== INFORMATION SUPPLIED ==
• • •

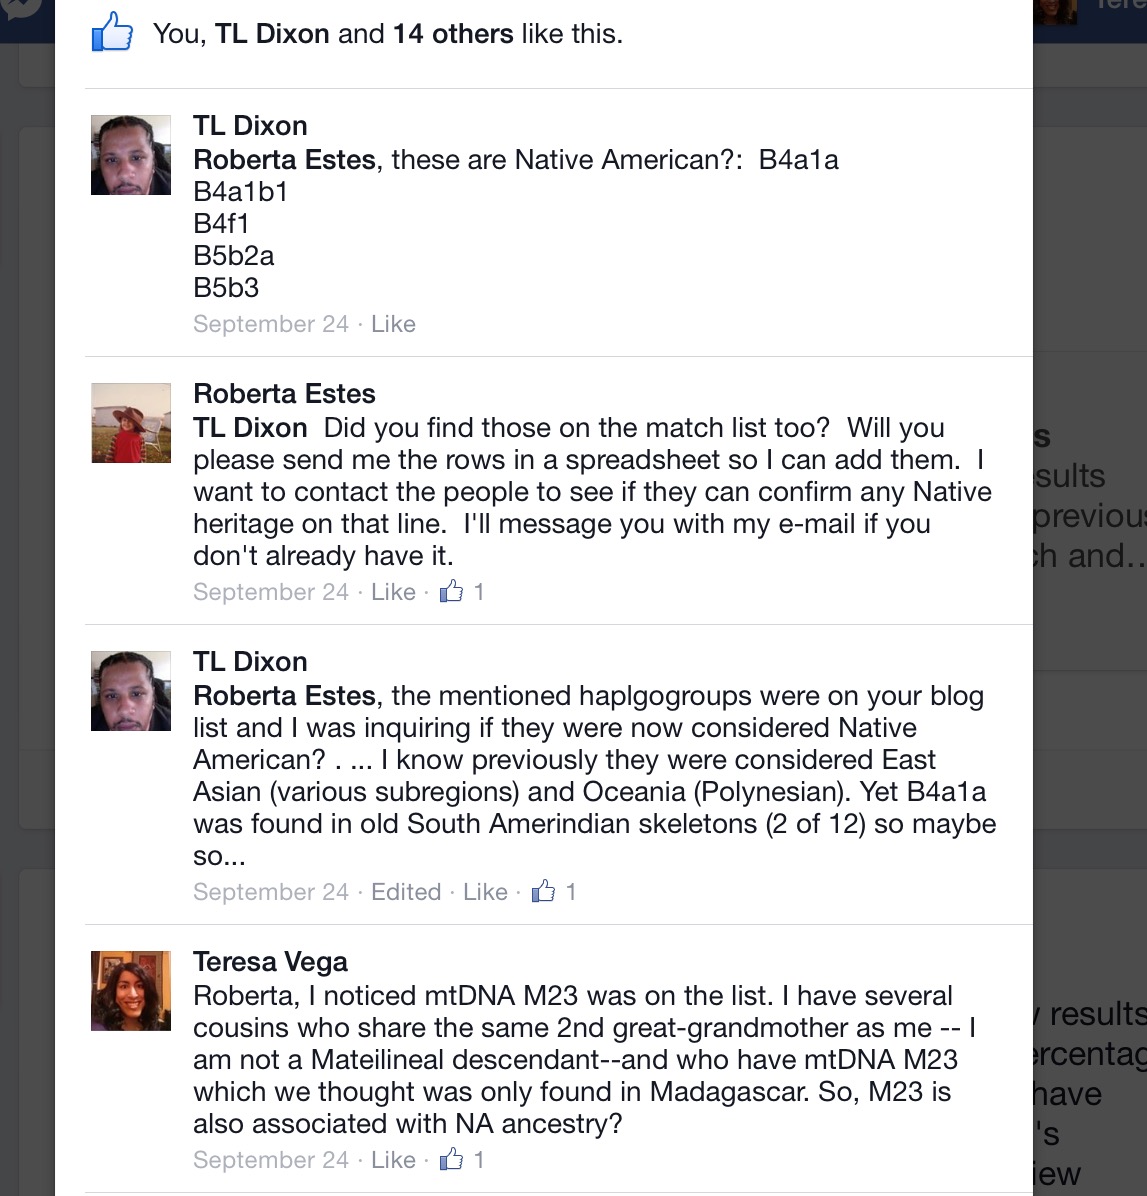 Response to Roberta's post on Sept. 24, 2014
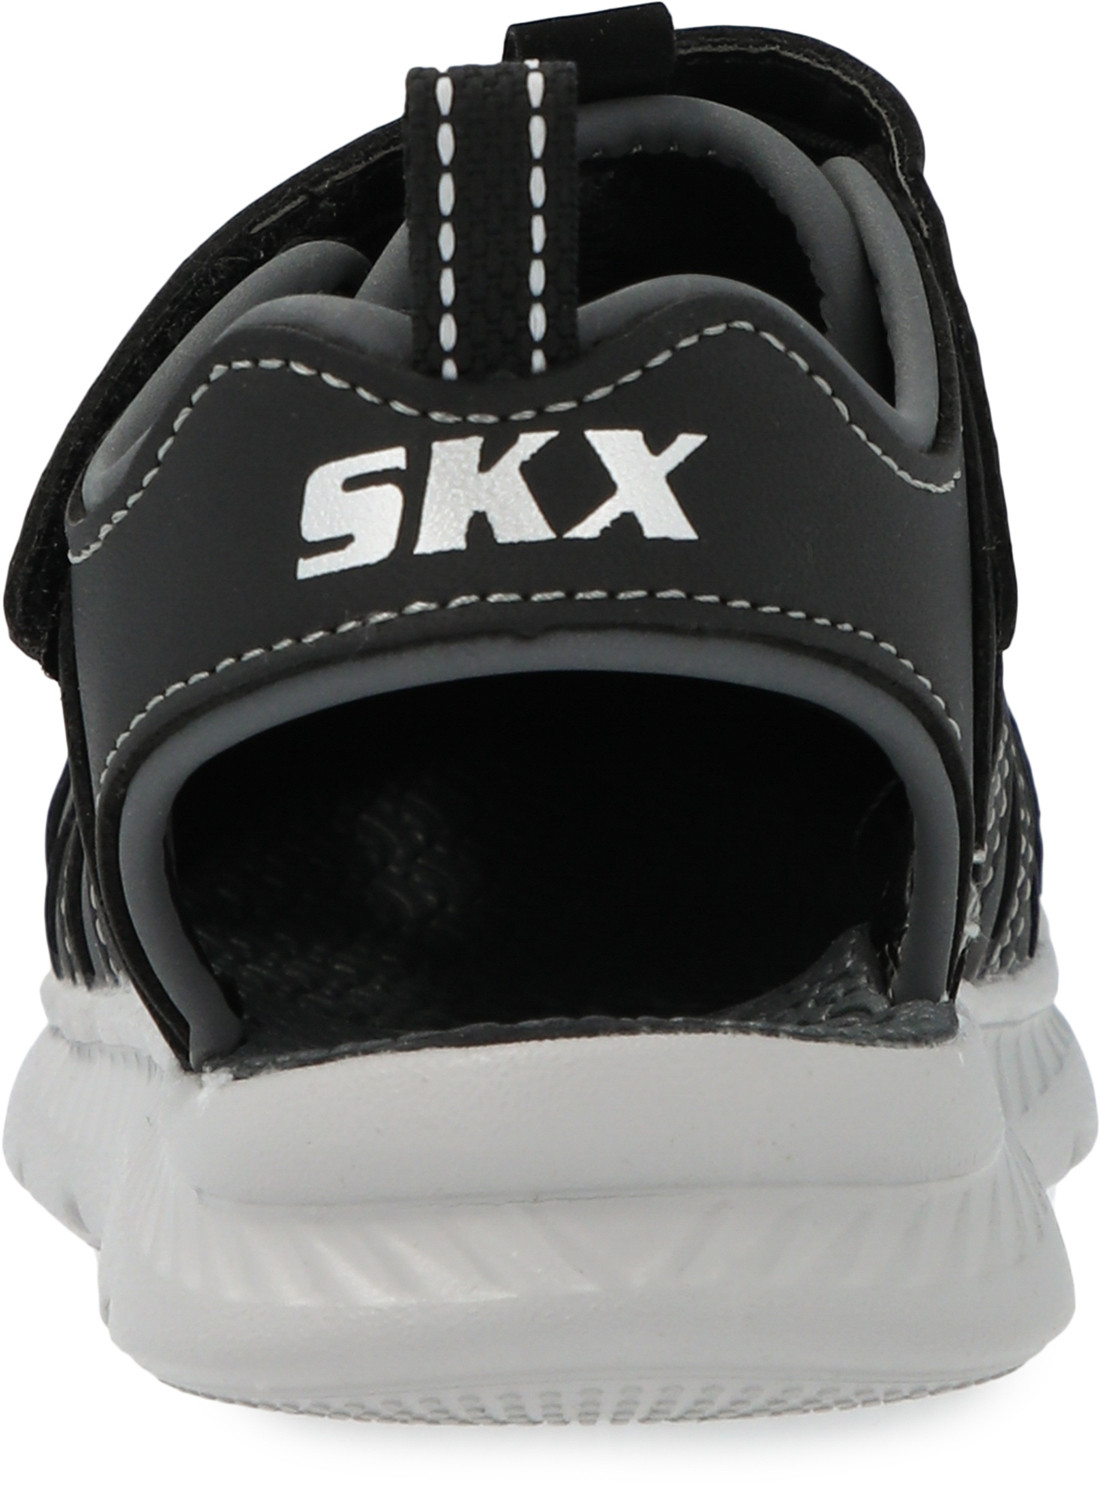 Сандалии для мальчиков Skechers C_Flex Sandal 2.0
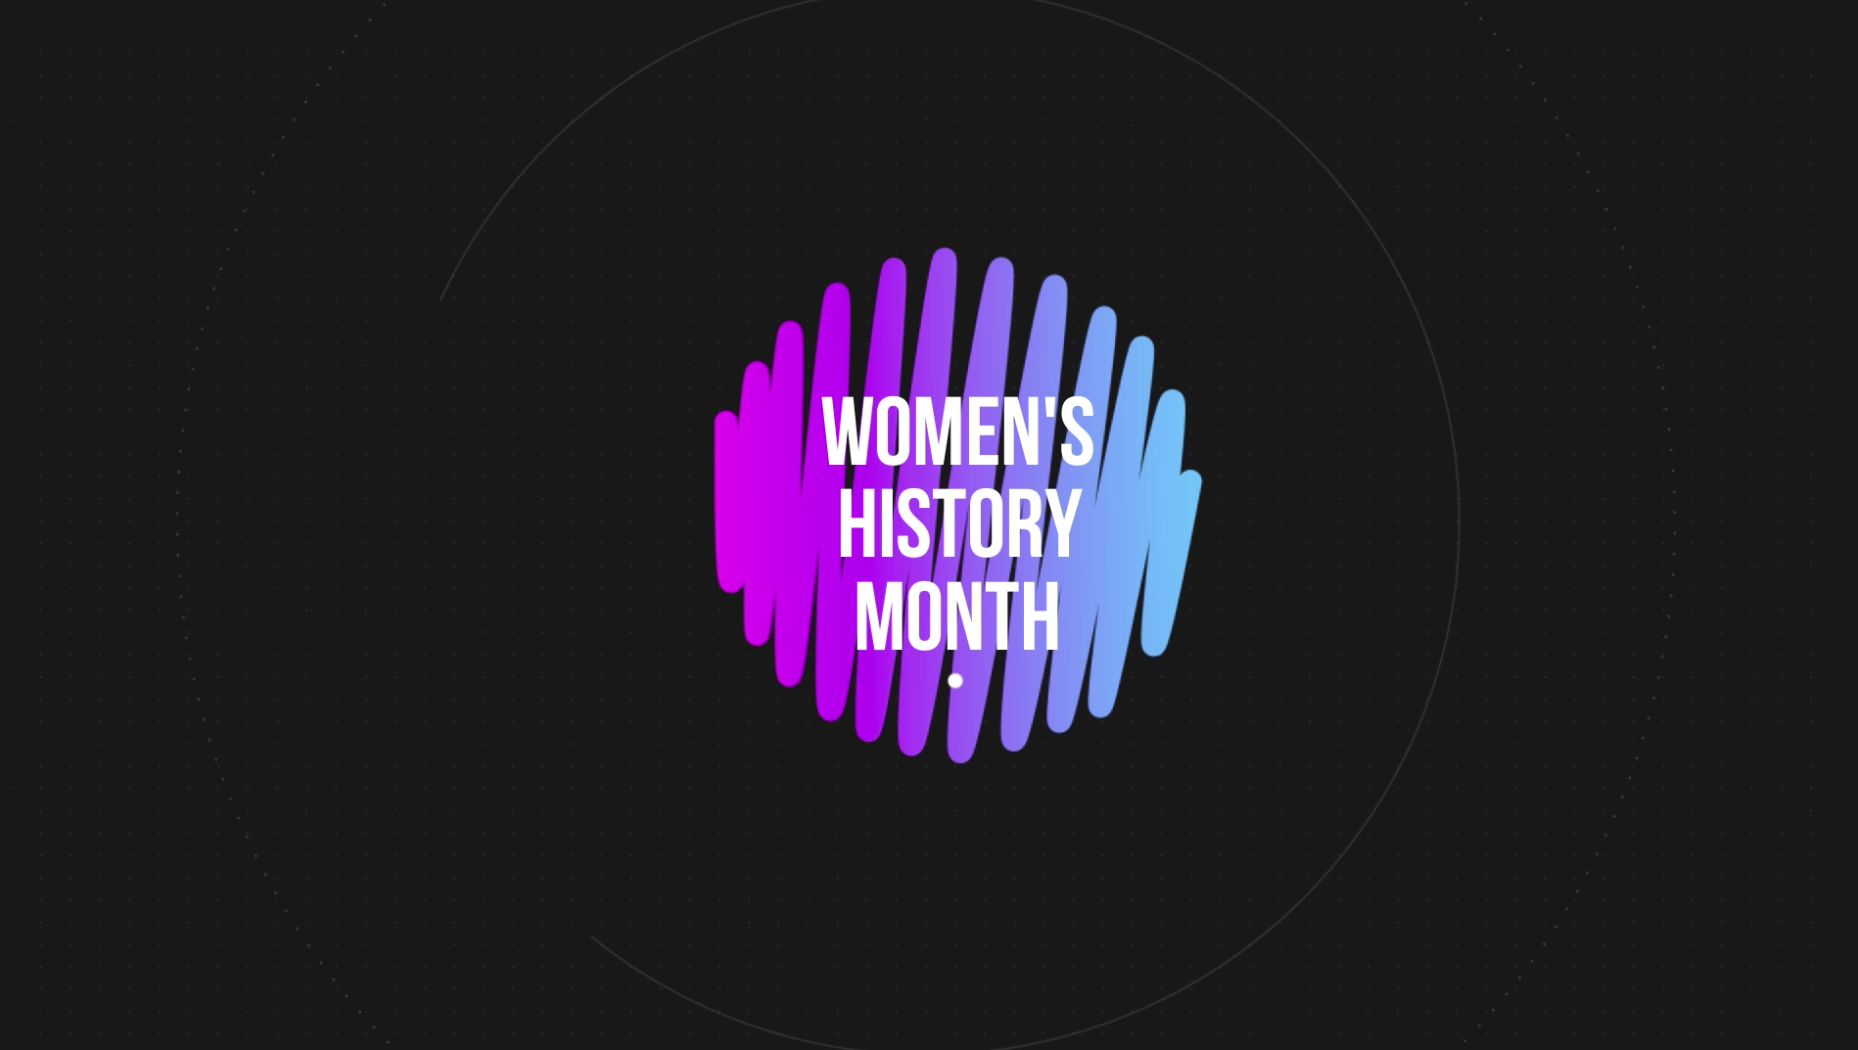 Women's History Month 2018
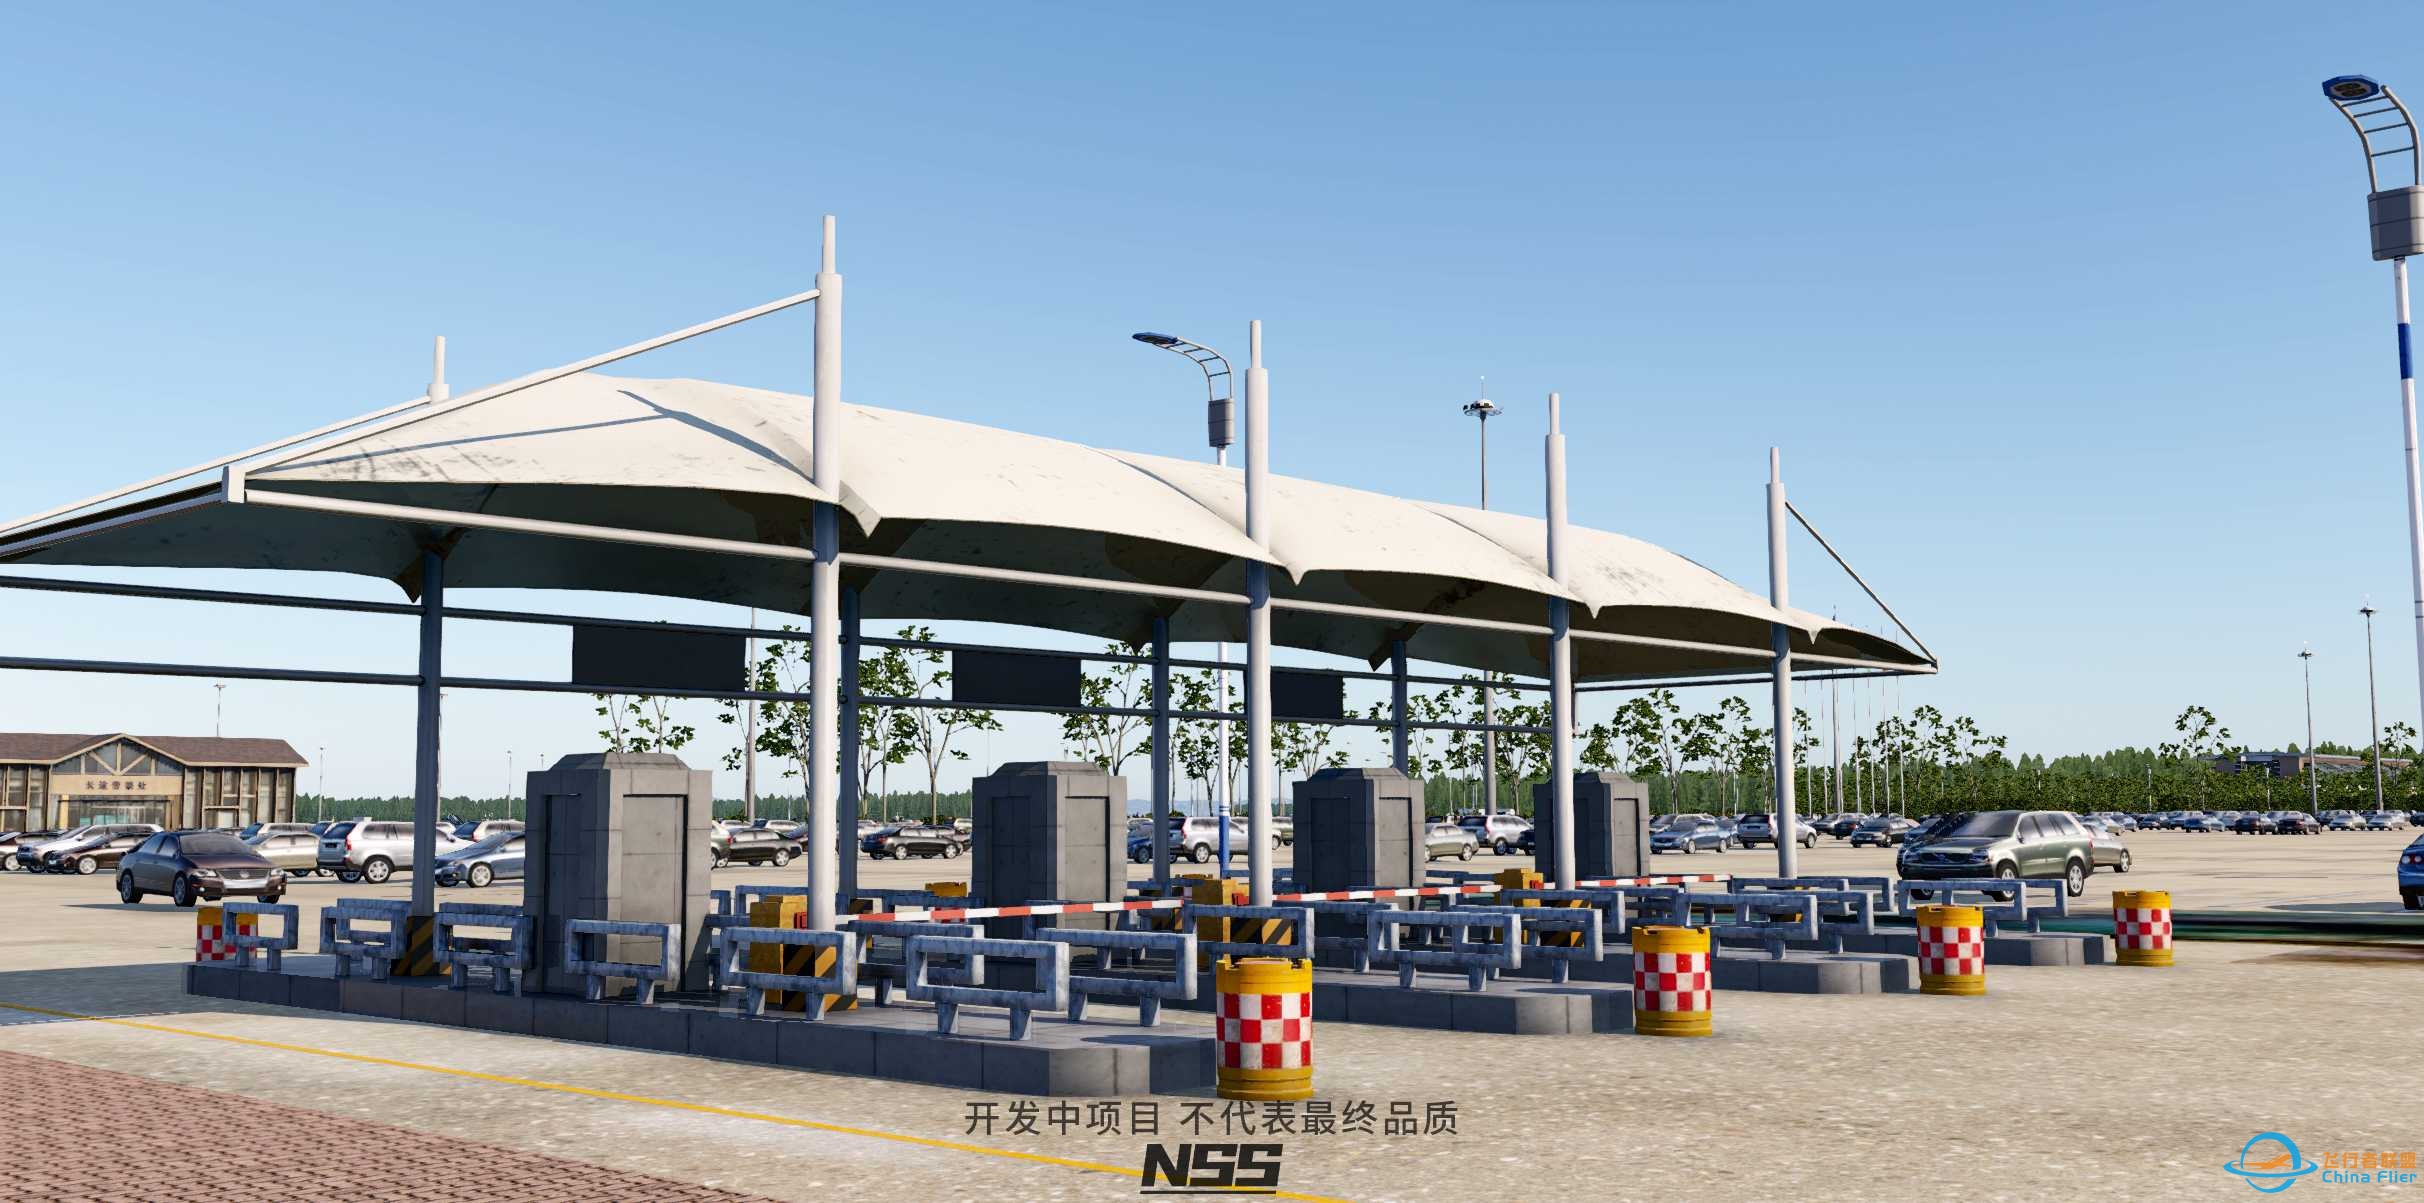 NSS地景开发组 ZSJN 济南遥墙国际机场项目预览 兼公布-7294

• • •

== BRIEF ==
Line by line, output the material above exactly, passing over the pictures.

== SOLVED PROBLEM ==
 Response to Roberta's post on Sept. 24, 2014
 Сандалии для мальчиков Skechers C_Flex Sandal 2.0
 Women's History Month 2018
 NSS地景开发组 ZSJN 济南遥墙国际机场项目预览 兼公布-7294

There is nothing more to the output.